* [TASK REQUIREMENTS] For the records below, print the lines from the line with "بي ام دبليو" through the line with "Qiita:Teamのトップページ画像" exactly as written; include both end lines and exclude the rest.

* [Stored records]
----

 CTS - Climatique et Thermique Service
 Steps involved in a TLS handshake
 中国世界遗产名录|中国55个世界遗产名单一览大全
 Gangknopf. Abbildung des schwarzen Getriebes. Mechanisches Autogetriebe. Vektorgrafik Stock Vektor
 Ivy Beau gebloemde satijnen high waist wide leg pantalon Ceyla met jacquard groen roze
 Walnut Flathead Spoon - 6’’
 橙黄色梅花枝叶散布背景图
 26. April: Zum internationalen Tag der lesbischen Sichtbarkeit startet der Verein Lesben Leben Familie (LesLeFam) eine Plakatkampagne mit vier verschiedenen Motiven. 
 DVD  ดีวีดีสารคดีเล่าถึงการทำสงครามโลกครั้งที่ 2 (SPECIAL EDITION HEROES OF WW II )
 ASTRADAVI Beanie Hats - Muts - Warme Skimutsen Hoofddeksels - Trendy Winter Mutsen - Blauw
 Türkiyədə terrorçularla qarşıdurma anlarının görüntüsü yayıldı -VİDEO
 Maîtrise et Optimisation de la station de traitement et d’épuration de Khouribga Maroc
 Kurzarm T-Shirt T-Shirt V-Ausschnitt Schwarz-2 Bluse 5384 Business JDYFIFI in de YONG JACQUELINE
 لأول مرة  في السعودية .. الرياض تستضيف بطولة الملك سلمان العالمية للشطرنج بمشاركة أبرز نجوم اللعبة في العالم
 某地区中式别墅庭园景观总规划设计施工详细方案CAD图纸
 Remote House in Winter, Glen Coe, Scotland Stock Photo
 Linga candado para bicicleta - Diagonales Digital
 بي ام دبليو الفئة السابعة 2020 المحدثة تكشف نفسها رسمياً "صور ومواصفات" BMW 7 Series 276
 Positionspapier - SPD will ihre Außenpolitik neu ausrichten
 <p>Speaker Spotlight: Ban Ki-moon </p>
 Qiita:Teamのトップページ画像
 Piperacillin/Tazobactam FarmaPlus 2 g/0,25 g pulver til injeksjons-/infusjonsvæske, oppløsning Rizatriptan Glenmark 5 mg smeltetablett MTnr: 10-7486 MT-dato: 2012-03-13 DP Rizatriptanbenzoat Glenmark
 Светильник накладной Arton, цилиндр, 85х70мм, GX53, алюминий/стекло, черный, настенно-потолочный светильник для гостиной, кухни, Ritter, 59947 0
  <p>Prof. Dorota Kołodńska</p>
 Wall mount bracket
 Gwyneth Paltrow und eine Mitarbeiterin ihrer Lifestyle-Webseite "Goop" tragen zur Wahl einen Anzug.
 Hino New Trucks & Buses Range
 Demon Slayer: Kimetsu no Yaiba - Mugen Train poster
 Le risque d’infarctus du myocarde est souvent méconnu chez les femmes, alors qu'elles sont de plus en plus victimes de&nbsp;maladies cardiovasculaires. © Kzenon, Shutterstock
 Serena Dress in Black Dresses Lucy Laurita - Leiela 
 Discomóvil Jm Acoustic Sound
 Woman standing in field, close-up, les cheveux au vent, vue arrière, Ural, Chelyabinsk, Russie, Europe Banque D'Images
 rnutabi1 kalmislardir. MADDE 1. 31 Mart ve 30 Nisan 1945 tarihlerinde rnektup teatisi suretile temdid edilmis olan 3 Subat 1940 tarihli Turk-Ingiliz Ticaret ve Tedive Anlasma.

----

* [RESULT FOR THIS EXERCISE]
 بي ام دبليو الفئة السابعة 2020 المحدثة تكشف نفسها رسمياً "صور ومواصفات" BMW 7 Series 276
 Positionspapier - SPD will ihre Außenpolitik neu ausrichten
 <p>Speaker Spotlight: Ban Ki-moon </p>
 Qiita:Teamのトップページ画像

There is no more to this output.